Evaluation metrics

Our prompt adaptation tool will optimize prompts against one of several possible metric parameters.

LLM-as-a-judge metrics

Semantic similarity

  • "LLMaaJ:Sem_Sim_1": Uses an LLM-as-a-judge to evaluate the semantic similarity of the model response relative to the reference answer. Outputs a binary score (0 or 1) based on whether the answers are semantically similar. This is the default metric.

The prompt for this metric can be found below. By default, we use openai/gpt-4o-2024-08-06 as the judge.

Given the predicted answer and reference answer, compare them and check whether they mean the same.

Following are the given answers:

Predicted Answer: {predicted_answer}
Reference Answer: {gt_answer}

On a NEW LINE, give a score of 1 if the answers mean the same, and 0 if they differ, and nothing more.

📓 Example notebook: nd_llmaaj.ipynb

RAG-specific metrics

For retrieval-augmented generation (RAG) applications, Not Diamond supports several Ragas metrics:

Faithfulness

  • "RAGAS_FAITHFULNESS": Measures how faithful a response is to the provided context. Ensures the LLM doesn't hallucinate or introduce information not present in the retrieved context. When using this metric, ensure that you use "question" as the field value for user input, and "context" as the field value for retrieved context. Currently, we only support 1 string for context. If you have retrieved multiple contexts, you can concatenate them into a single string. See following example
fields = ["question", "context"]

pa_ds = [
    {
        "fields": {
            "question": "User input",
            "context": "Context retrieved based on user input"
        },
        "answer": "Reference answer.
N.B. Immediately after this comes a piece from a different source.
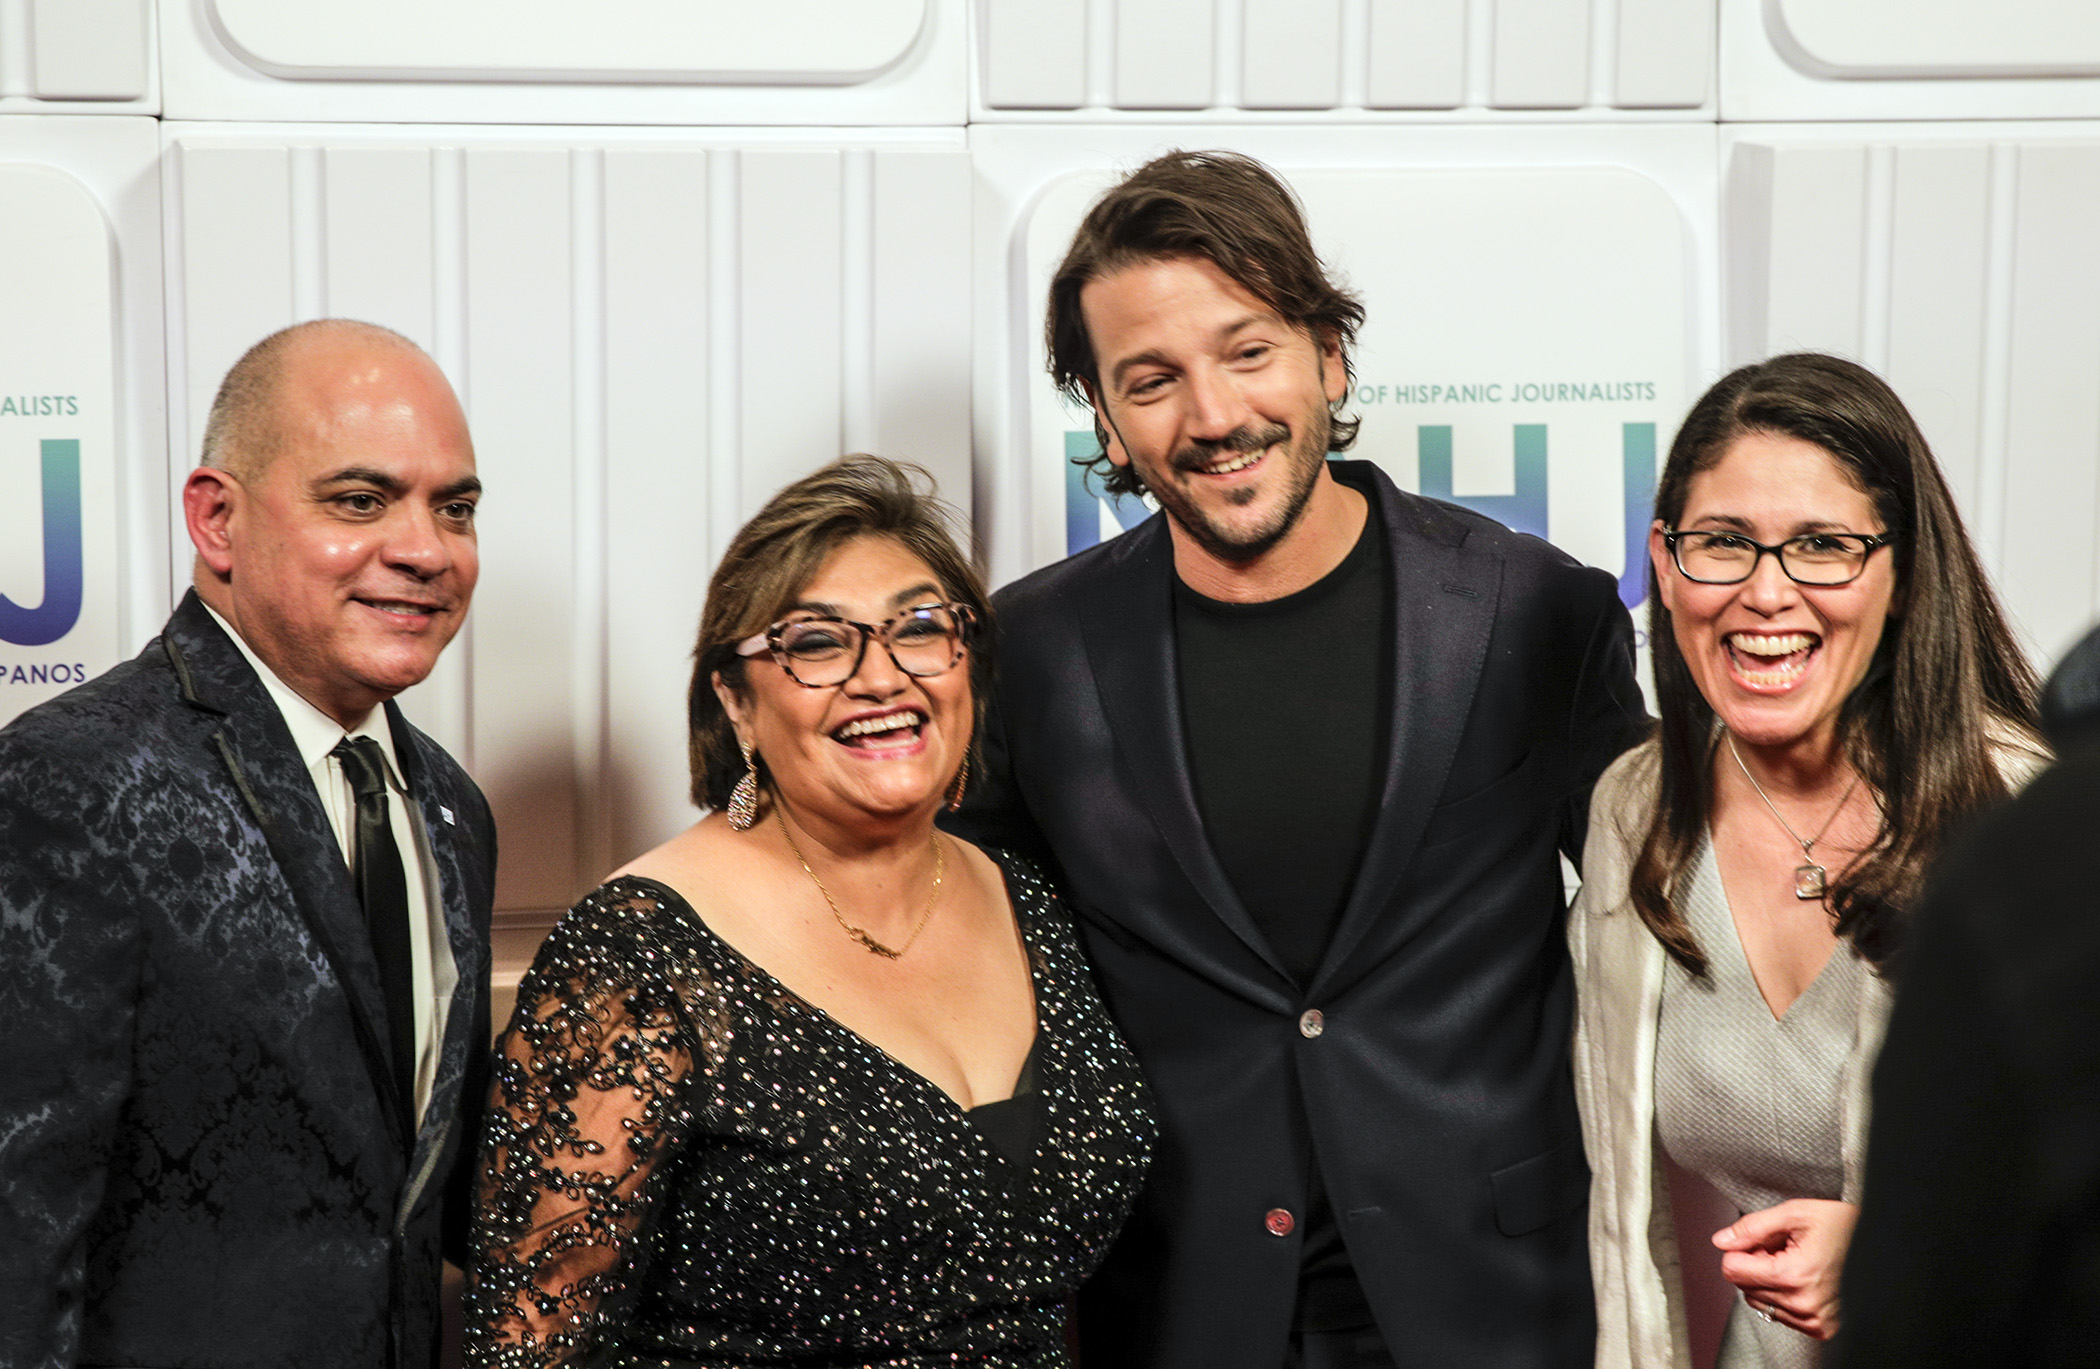 (L-R) National Association of Hispanic Journalists Executive Director David Peña, President Nora López, actor Diego Luna, and newly elected President Yvette Cabrera.

This is not used in RAGAS_FAITHFULNESS"
    }
    for sample in ds
]

Learn more: Ragas Faithfulness Documentation

📓 Example notebook: nd_ragas_faithfulness.ipynb

Answer Relevance

  • "RAGAS_RELEVANCE": Evaluates how relevant a response is to the given question. Penalizes responses that are incomplete or contain unnecessary information.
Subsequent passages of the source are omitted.